**Required work:**
Pictures aside, repeat every entry exactly.

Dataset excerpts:
= = =
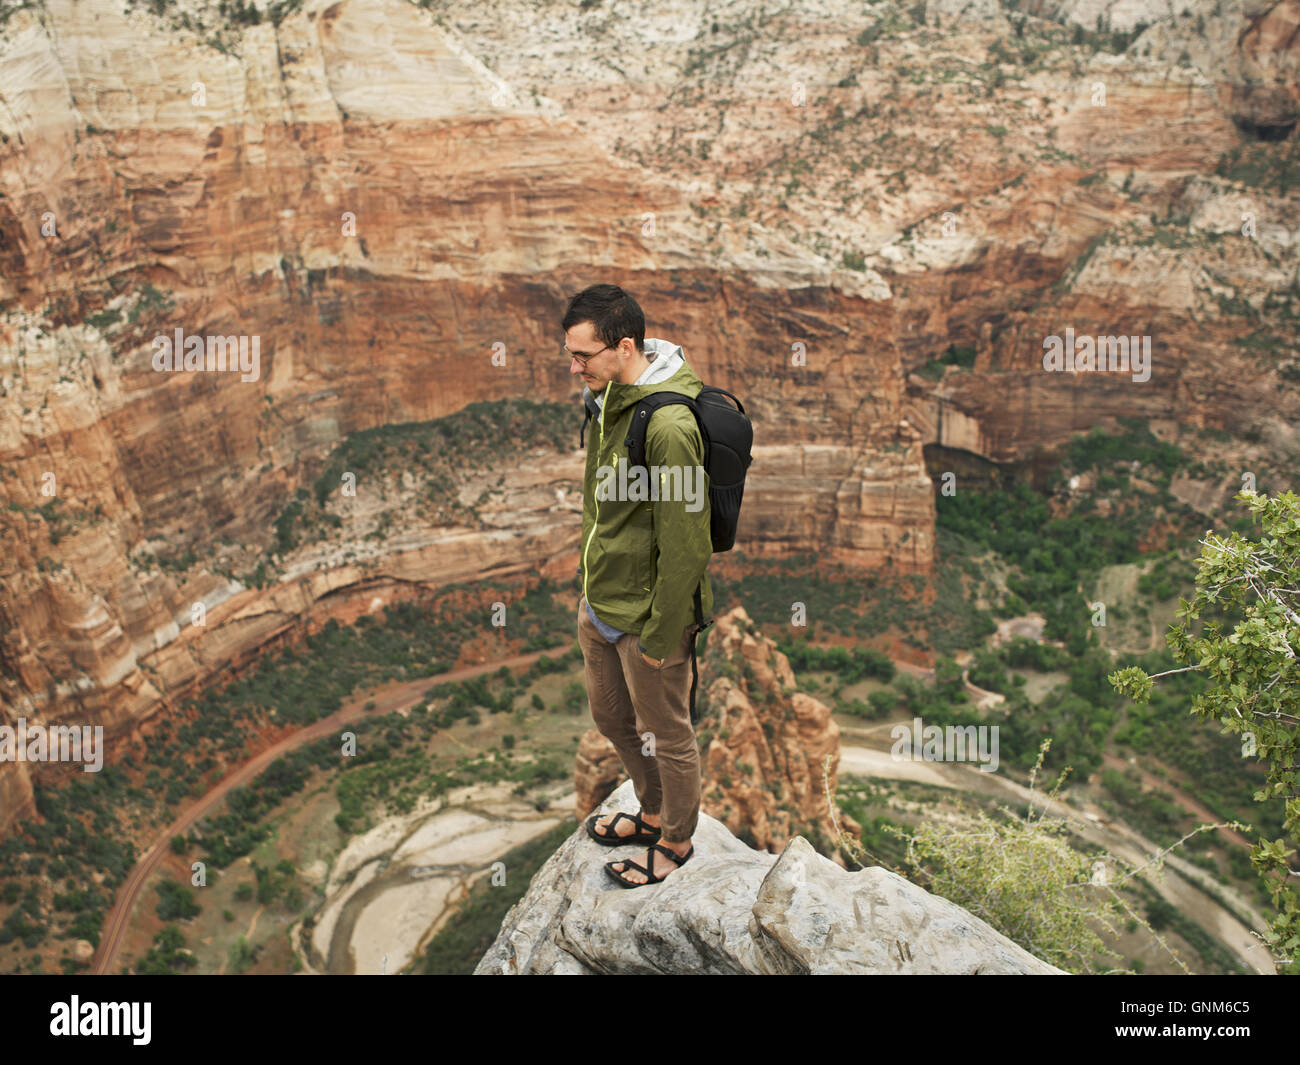 A hiker stands at the top of a peak in Utah's Zion National Park Stock Photo
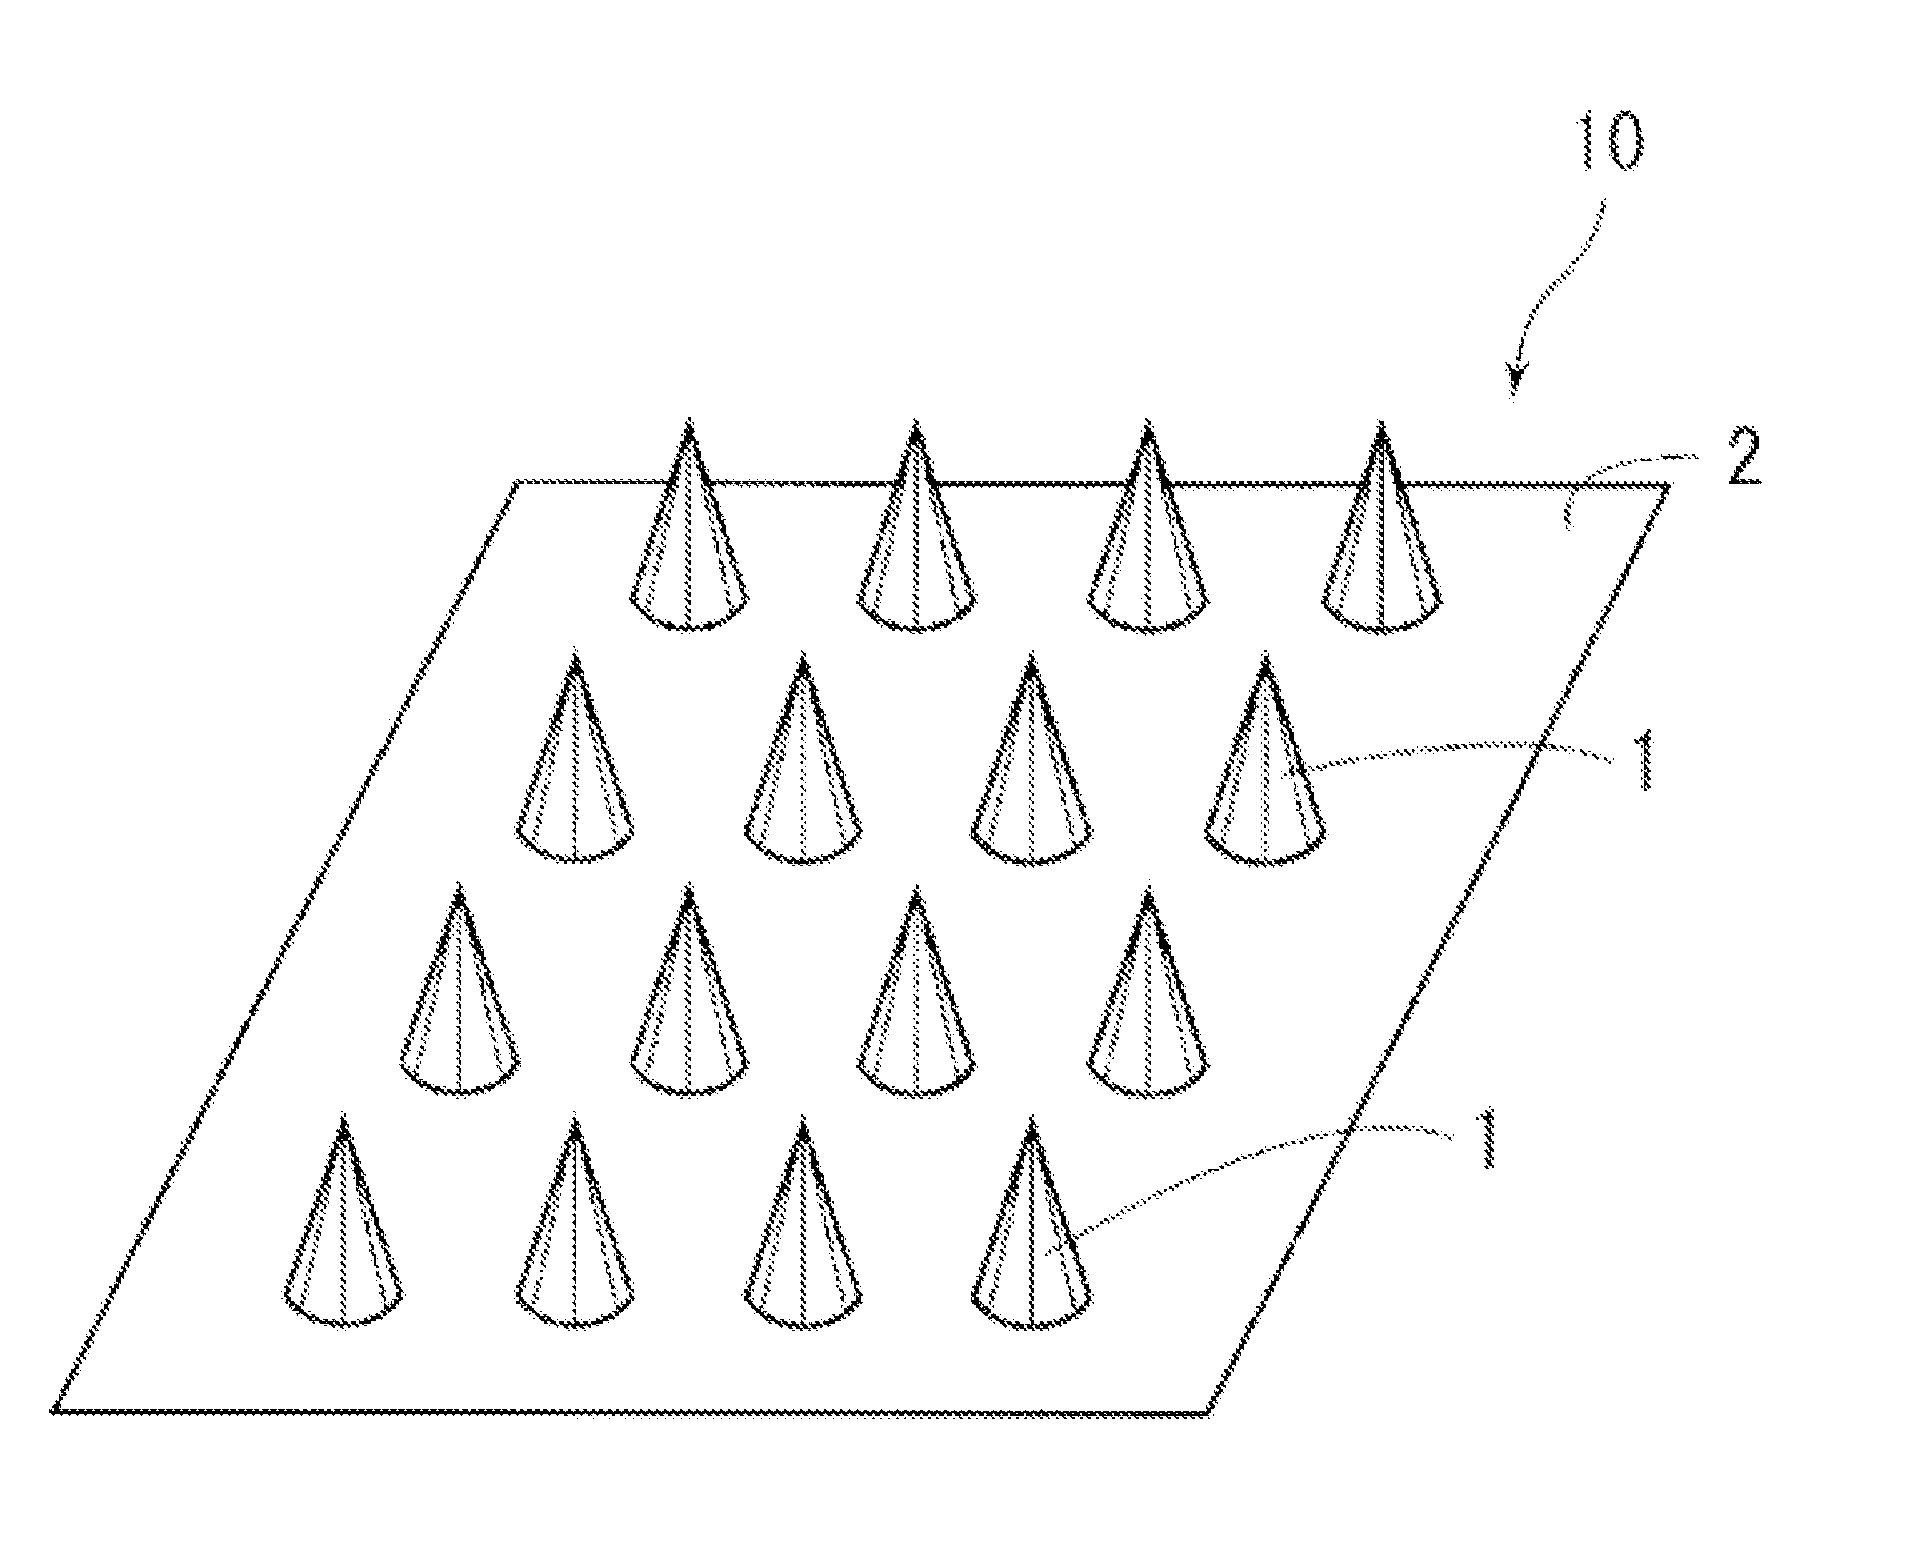 Dissolvable Microneedles Comprising One Or More Encapsulated Cosmetic Ingredients
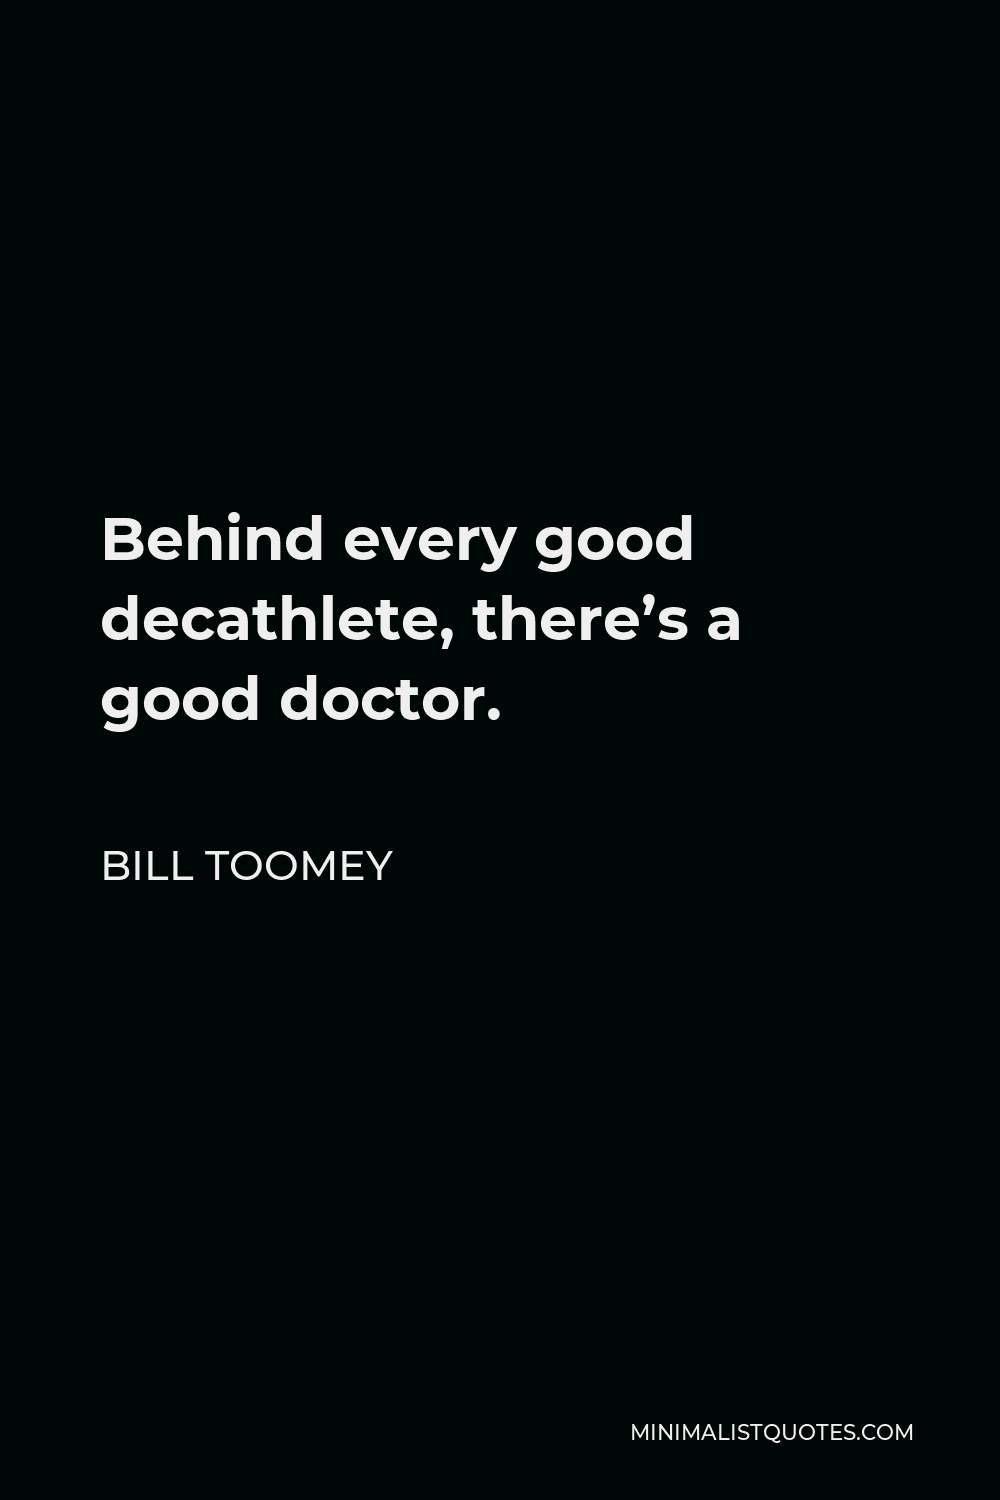 Bill Toomey Quote - Behind every good decathlete, there’s a good doctor.
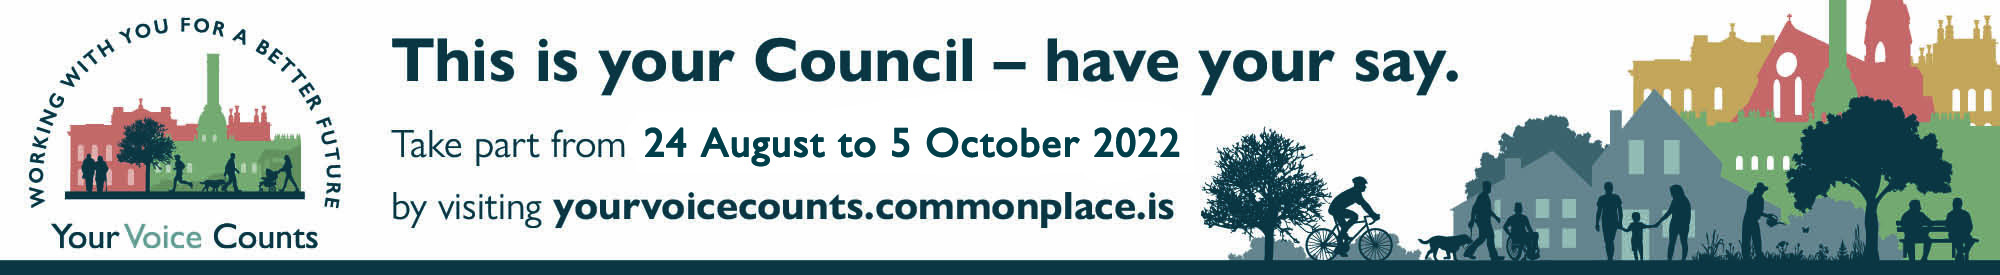 This is your Council - have your say
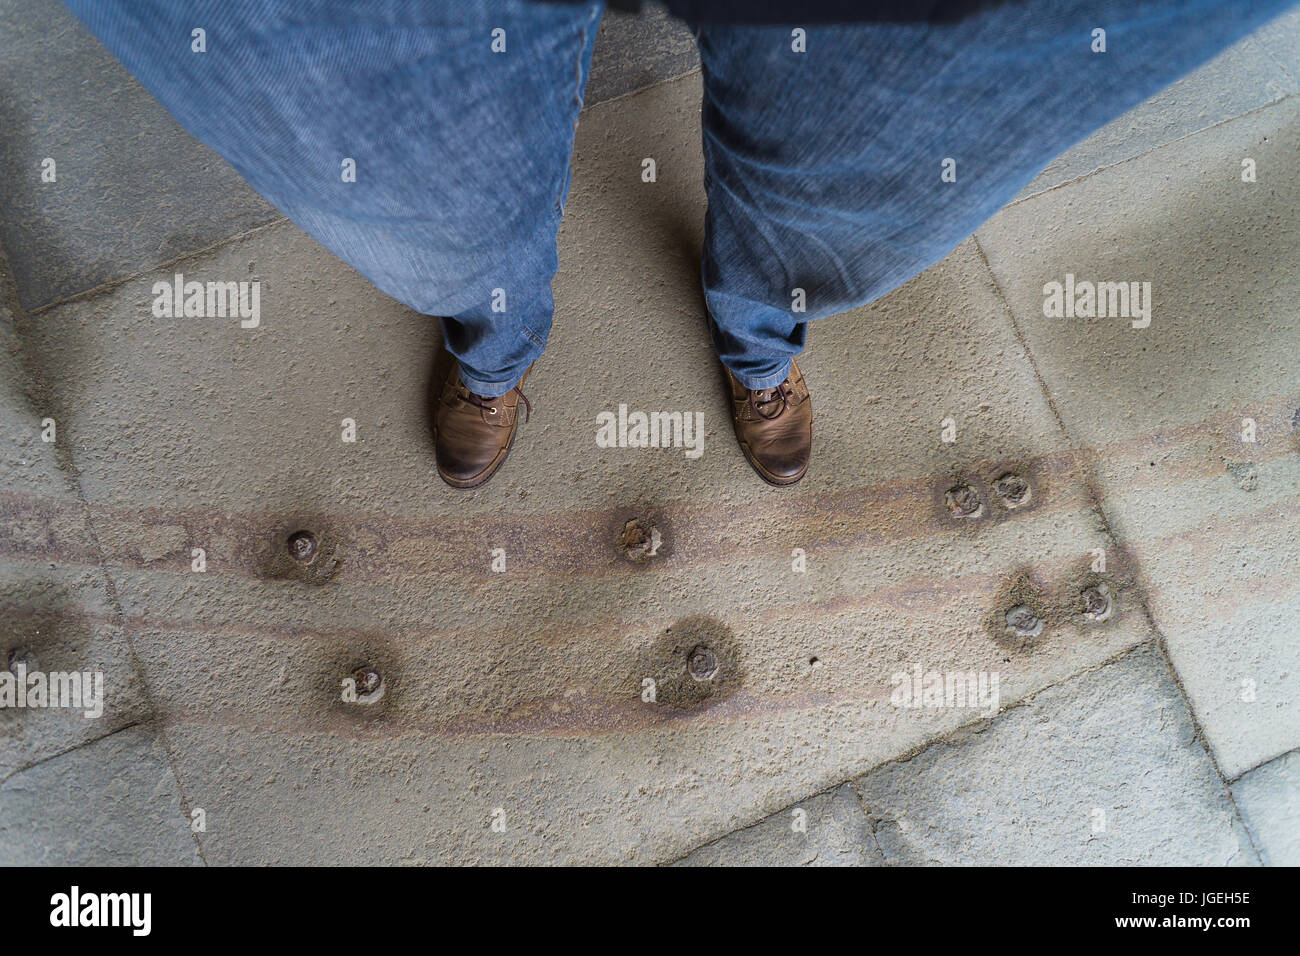 Man's legs and leather boots standing on empty ground with rusted rails embedded in stone Stock Photo
= = =
**Response for this exercise:**
 A hiker stands at the top of a peak in Utah's Zion National Park Stock Photo
 Dissolvable Microneedles Comprising One Or More Encapsulated Cosmetic Ingredients
 Bill Toomey Quote - Behind every good decathlete, there’s a good doctor.
 This is your Council - have your say
 Man's legs and leather boots standing on empty ground with rusted rails embedded in stone Stock Photo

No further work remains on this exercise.